But in the last week, with confessed accomplice Lee Boyd Malvo's trial here nearing its final phase, a clearer picture of the itinerant gunmen has emerged -- along with a possible motive laid out by Malvo.
The "mission," said one of the many mental-health experts who have conducted jailhouse interviews with Malvo, 18, was to incite a racial revolution over the "continued oppression of black people" and to set up a utopian black colony in Canada based on racial and social justice.
In August 2002, psychiatrist Dewey Cornell testified, Muhammad reportedly told Malvo that "they were going to carry out a sniper plan, to start shooting people one after the other." No court testimony indicated why Muhammad or Malvo thought such attacks would spark a revolution.

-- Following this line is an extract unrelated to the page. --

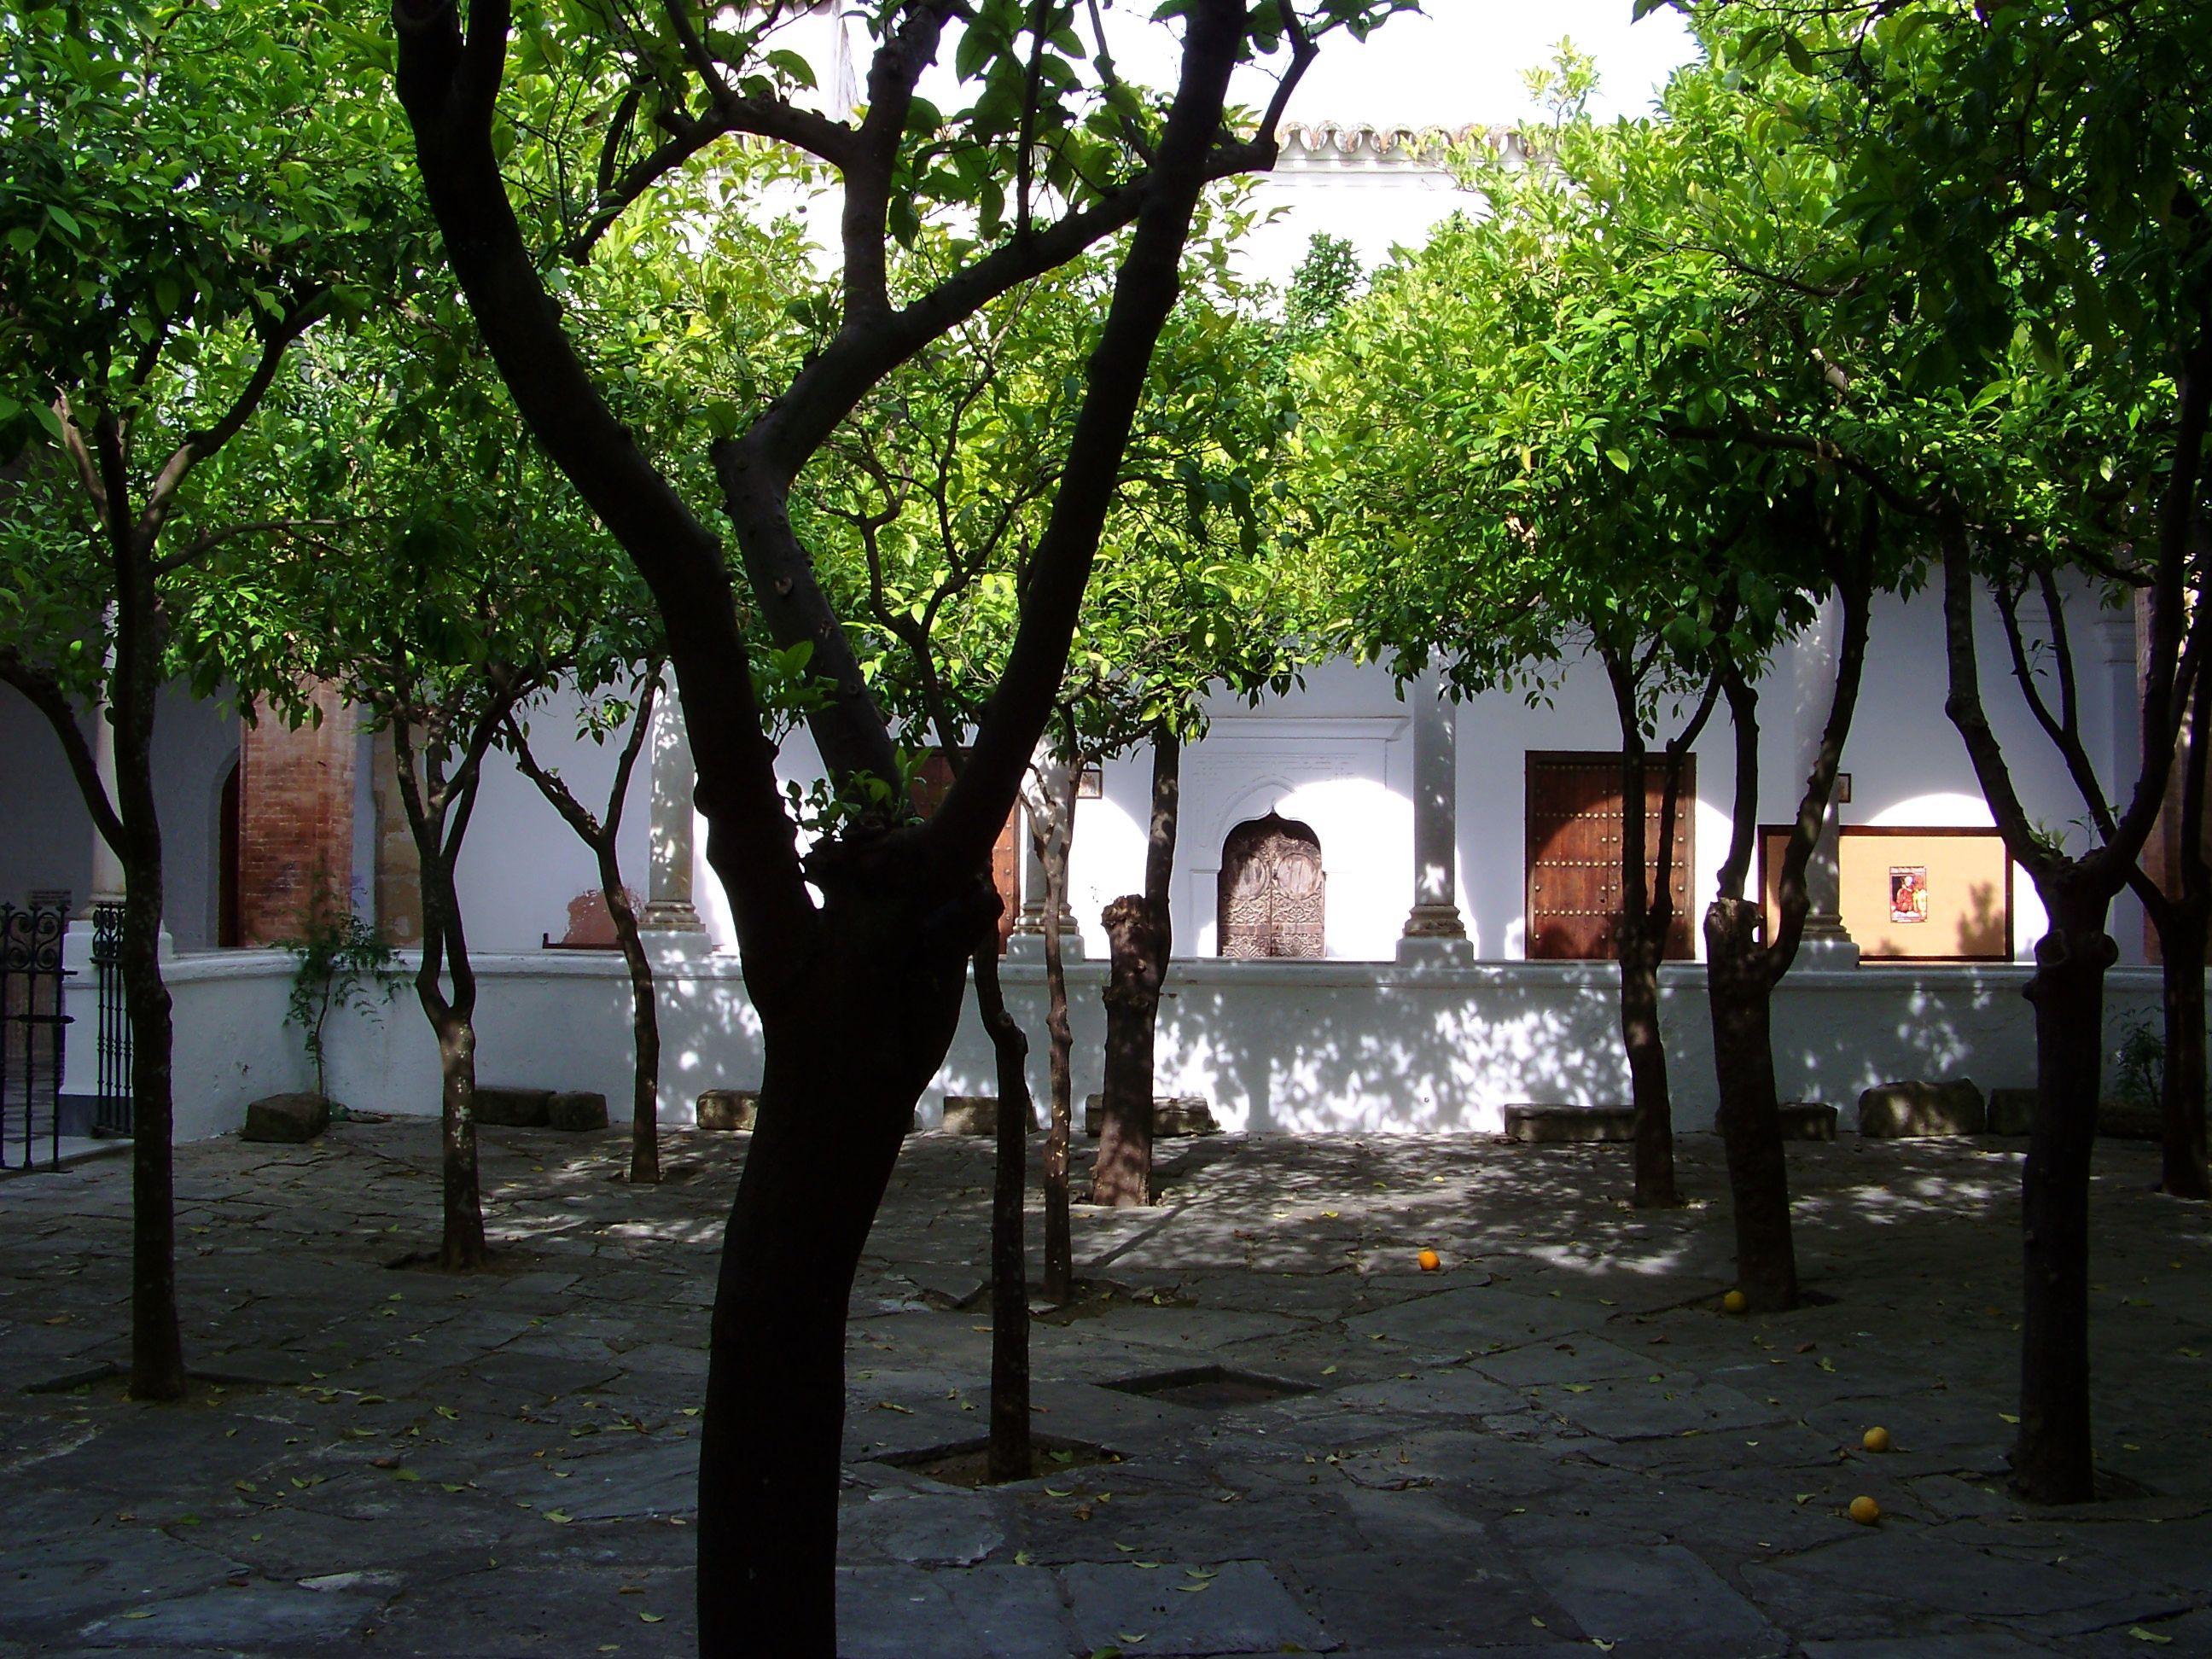 Patio de los Naranjos (Parroquia de la Oliva)

In the months preceding Muhammad's comment, various defense witnesses said the 42-year-old Army veteran had indoctrinated Malvo into sharing his rage over white American society. He had taken the teenager on trips across the country to speak with blacks in slums and homeless shelters. He had Malvo listen to tapes of anti- American speeches, using headphones to deliver the message even while the teenager slept.
Malvo has said, according to court testimony, that he was put through rigorous training: Muhammad reportedly taught him how to shoot, gave him violent video games to play, lectured him on Islam, put him on a strict vegetarian diet laced with vitamin pills and globs of honey, and once tied him to a tree so the youth could prove his toughness.
In the end, mental-health experts for the defense said, Muhammad owned Malvo's mind.
Dewey, who spent 54 hours interviewing Malvo, said the teen told him that "white people are devils." Malvo, he added, "came to believe there would be a revolution."
From the time of their chance meeting in an electronics shop on the Caribbean island of Antigua in late 2000,...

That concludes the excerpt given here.